On the second day of the pullback, I looked at the liquidation map, and there were very few long positions liquidated below 92,000-91,000, concentrated around the high-leverage positions at 97,000-94,000. Looking at the market, 91,600 and 90,850 are two support points near 90,000, and the integer level won't easily break. At this time, the daily adjustment has already progressed significantly. Even if this range of 91,600-90,850 is not a bottom, it is still a good low long opportunity. Even if 90,000 breaks, there will be a strong rebound back up, and going long at these two points has a high probability of floating profit. The night before last, I posted in the group that someone went long at 91,600, which was quite good.

Then I saw that there was a large liquidation of short positions at 97,100. Pulling up to 97,100 will trigger the liquidation of a large short position, over 200 million.

Considering these points, plus the signal of weakening downward momentum released around three or four o'clock yesterday afternoon for 12H, I personally predict that the pullback is about to end.

In the future, when encountering such pullbacks, everyone can boldly place orders to buy at the bottom in advance. To simplify, place orders within 1500 points above and below key integer levels. For example, for 90,000, it would be between 91,600 and 88,888. When it first drops to this level, it won't fall below, and there will be a strong rebound. If it drops to this level a second time, even if it breaks below, the lowest will touch 88,800 and then rebound back to 92,300-93,500. So regardless of whether 90,000 can be broken, making a long position nearby will definitely yield ideal profits. So go ahead and be bold. I can't publicly state that a certain point is definitely the bottom, but you can first try it as a short-term long position.

Or, like in the afternoon, immediately stating that the 8-hour and 12-hour levels are releasing stop-loss signals, indicating that the daily adjustment is about to end, long positions can also prepare to enter, while short positions should prepare to escape. For long positions, directly enter with a small position first, and if the floating profit expands, it’s okay to add more.

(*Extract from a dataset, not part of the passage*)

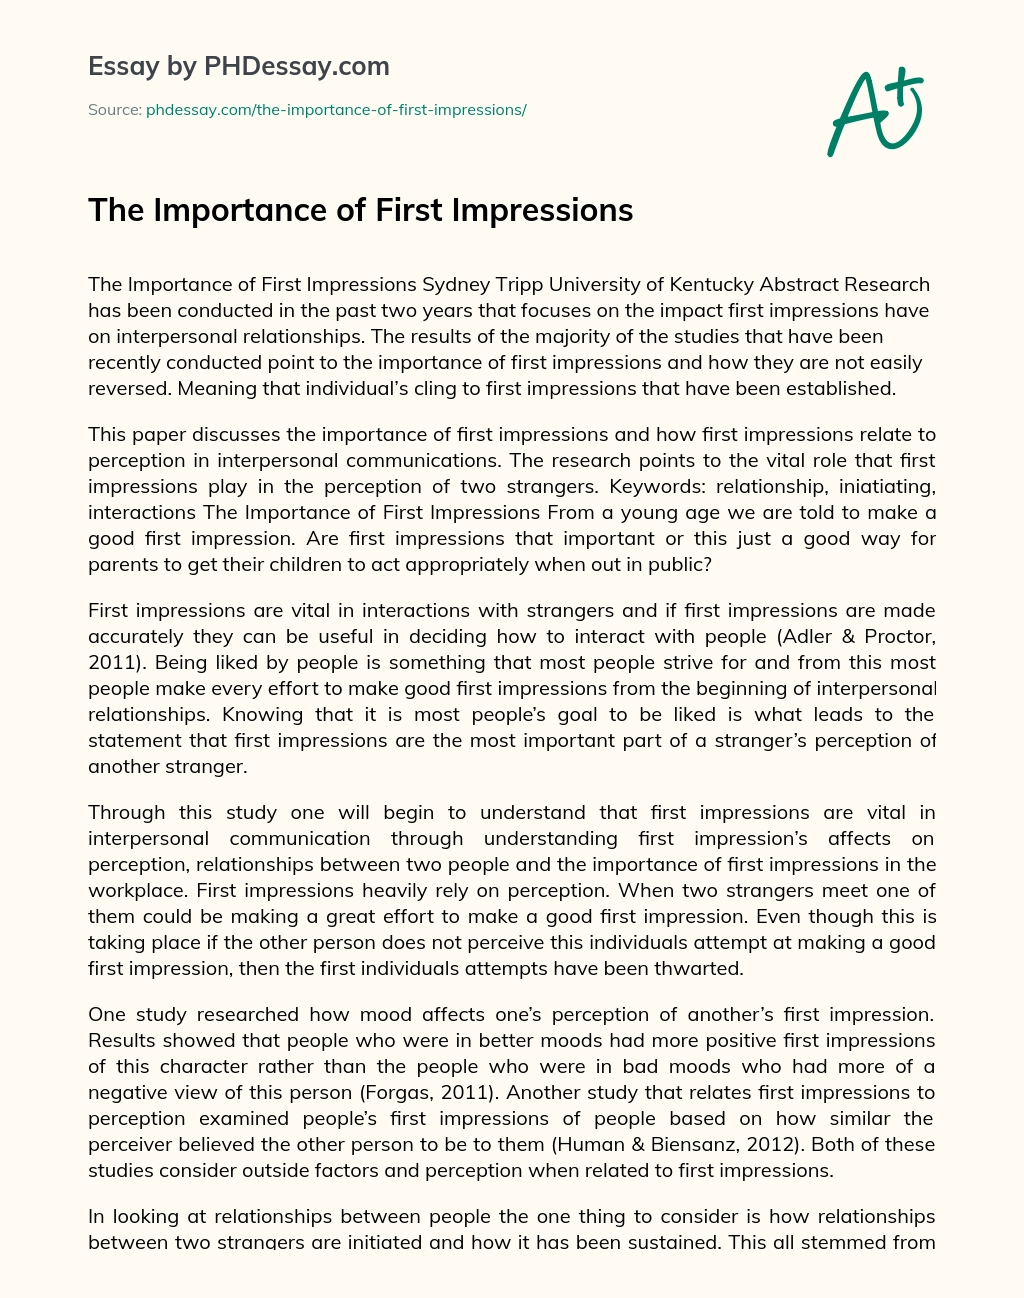 The Importance of First Impressions essay

People often ask how it is to enter at the current price? When the market is relatively strong, it is possible. But if the position is heavy and take profit is slow, you might end up being passive. Therefore, I can't directly answer that it can definitely be done. To avoid missing out, the way to choose is to first enter a small position, then place a supplementary order near the recent support point, which is relatively safe. I will update the latest support levels every day, and you can enter or add positions when it retraces to this support, excluding during the downtrend.

I hope more people can understand the mindset of short-term trading, master some shortcuts, and make their own decisions based on some signal references when they reach important stages, then the gains will be significant.